Nasopharyngeal carcinoma is a malignant tumor of epithelial cells that predominantly occurs in males of Chinese origin. EB virus DNA is commonly detected in nasopharyngeal carcinoma cells, and the patients demonstrate high levels of antibody to EBV. The tumor is poorly differentiated and aggressive, being infiltrated with lymphocytes.

Finally, Epstein-Barr virus is supposed to participate in pathogenesis of other lymphoproliferative disorders, such as Hodgkin’s disease (i.e., lymphogranulomatosis), and some B cell lymphomas.

EBV infections elicit an intensive immune response both antibody- and cell-mediated. IgG antibodies against VCA and EBNA viral antigens circulate lifelong. However, cell-mediated reactions remain crucial for the control of infection. Active synthesis of interferons by affected cells facilitates viral clearance.
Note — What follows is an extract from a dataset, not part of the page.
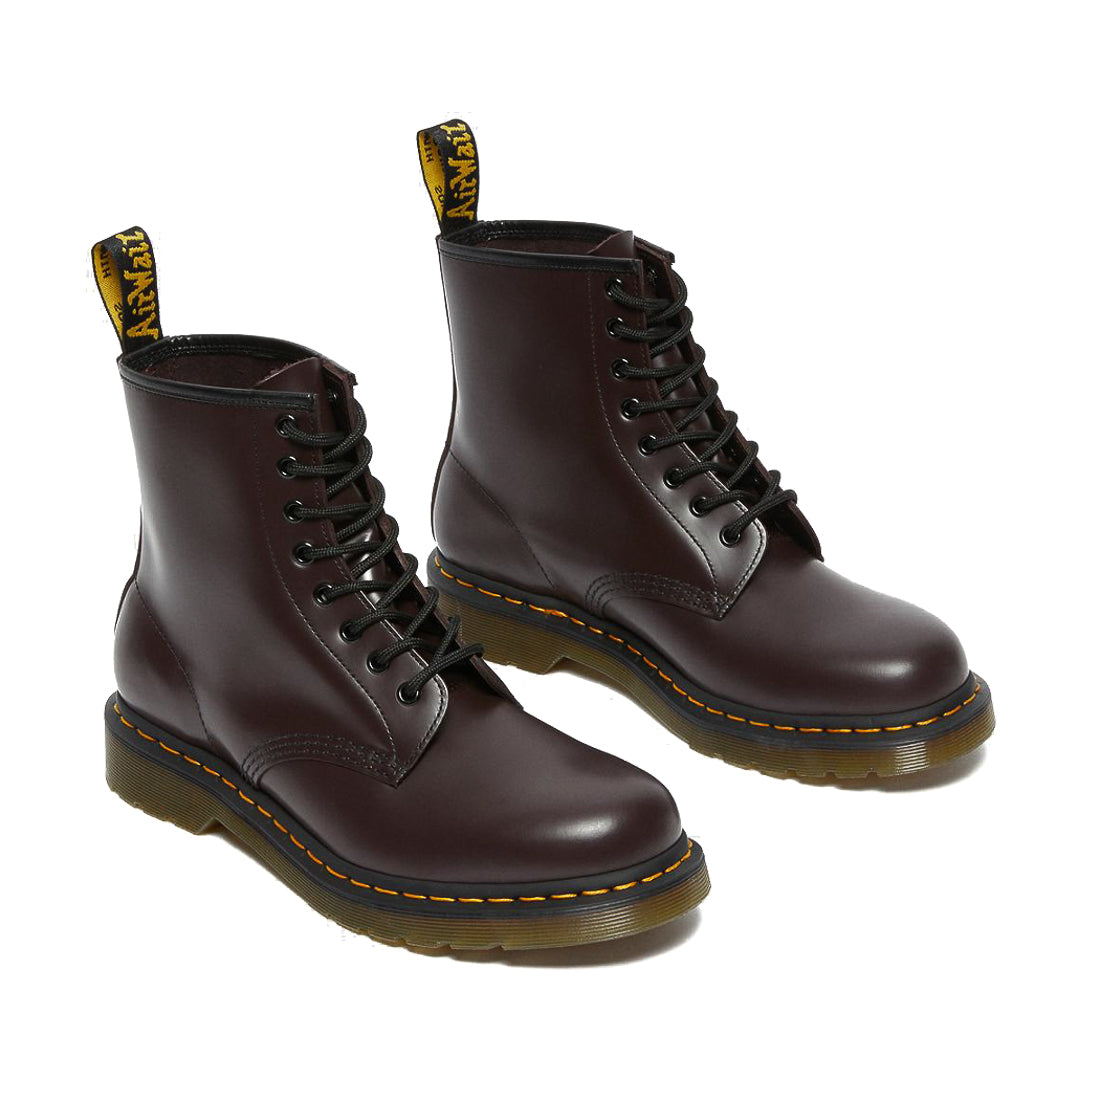 Dr. Marten 1460 Leather Lace Up Boots 'Burgundy'

Laboratory diagnosis of EBV infections

Every case of EBV infection (e.g., infectious mononucleosis) needs laboratory confirmations. PCR is the method of choice to detect EBV nucleic acid in clinical specimens (saliva, blood, or biopsies of lymphoid tissues). Viral antigens can be detected in patient’s samples by immunofluorescence. EBV isolation is rarely performed due to the difficulties of viral culture. Serological testing is commonly used in clinical practice. The detection of IgM anti-VCA antibodies confirms acute EBV infection.

Principles of infection treatment and prophylaxis

Prophylaxis is non-specific. Various kinds of experimental vaccines are being developed now. The treatment of infectious mononucleosis is symptomatic. Valacyclovir demonstrates some clinical benefit in cases of manifested disease.